The average industrial brand presence on social media is a highly crafted and tightly managed thing. There’s compelling theology that dictates what should and shouldn’t be shared, as well as how it must integrate with corporate messaging overall.

It’s mostly wrong.

Don’t believe me? Just name the industrial brand that you’d miss if it stopped tweeting or posting tomorrow (your employer doesn’t count, since you might follow it out of loyalty or fear).

Nobody needs social content from the makers of chemicals or electrical transformers in the same way they rely on updates from Kim Kardashian or one of her sisters, or from any number of other online influencers.

We can debate differences in business models, or lack thereof, and the vagaries of target audience age and expectations. But the simple fact is that most industrial brands have been misinformed, or purposefully misunderstand the utility of social media.

Here are 4 facts that you might want to consider:

Novelty — The most important quality of a social media post is that it contains something unique, surprising, or otherwise revealing. It should be something that your audience wants to know, which isn’t necessarily the same thing as something you need to tell them. It’s also not synonymous with importance or impact; the operant condition is different, which means that corporate messaging approved by a committee doesn’t pass muster. Your branding rules about careful consistency don’t jibe with the requirements of social media novelty. Social media are for communicating content that would otherwise never see the light of day.

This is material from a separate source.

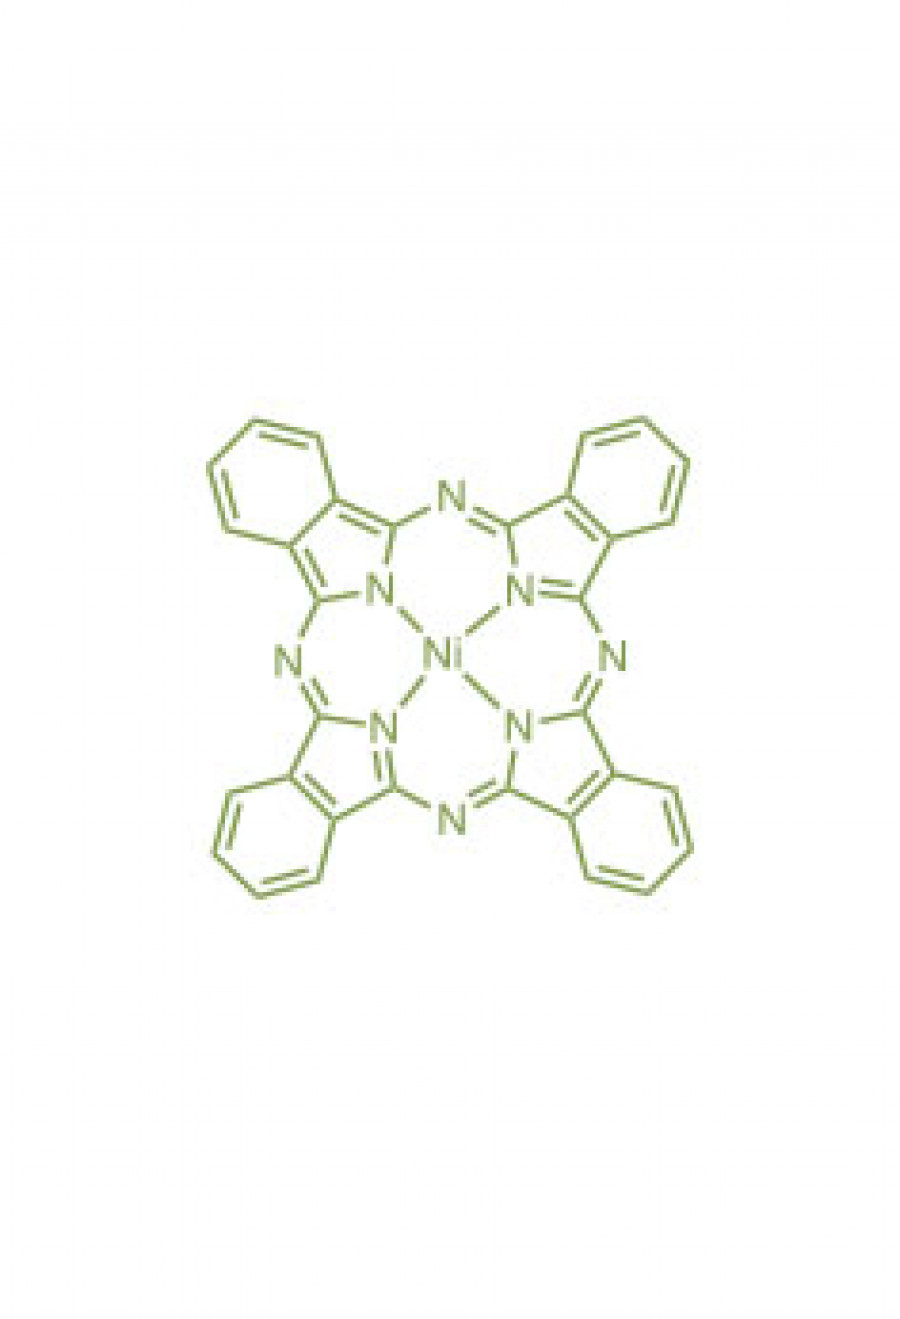 nickel(II) phthalocyanine  | Porphychem Expert porphyrin synthesis for research & industry

Authenticity — The very idea that a company could have “a voice” is laughable, if you think about it. A brand can assert qualities through a variety of media but nobody can have a conversation with it. Social content from your company is from a person, or people (that marketing messaging committee), so why isn’t more personal? Consider what Sweden did a few years ago, swapping its social bullhorn between individuals who were authorized to speak about the country, not necessarily for it. Saying something wrong is far less damaging than saying things that are perfectly right, but otherwise inauthentic.

Immediacy — Many industrial and B2B businesses use social media to share links to stories on other sites, as if they were promotional platforms for marketers. They’re not. Soclal media are self-contained systems, mostly, in which people consume content then and there, so a tease intended to get them to follow a link to somewhere else is probably DOA. Instead, think of posts as discrete bursts of content that can be consumed immediately; it’ll scream value, which’ll increase your chances of being novel and authentic, too.

Frequency — The half-life of a social media burst is just shy of the life expectancy of a gnat, so sharing on a weekly basis is much like sharing nothing at all. The most popular online brands are seen more often, with less importance attached to any individual bit of content. If your content is novel, authentic, and immediately valuable, your only risk is not sharing it frequently enough, not too often. Think again of the hypothetical at the start of this essay: What if your audience actually missed your content if you dared to stay silent?

Competition in this Attention Economy of ours is fierce, and industrial or B2B brands aren’t somehow immune or apart from it.

Maybe it’s time to rethink your approach to social media, and try to find your brand’s inner Kim Kardashian.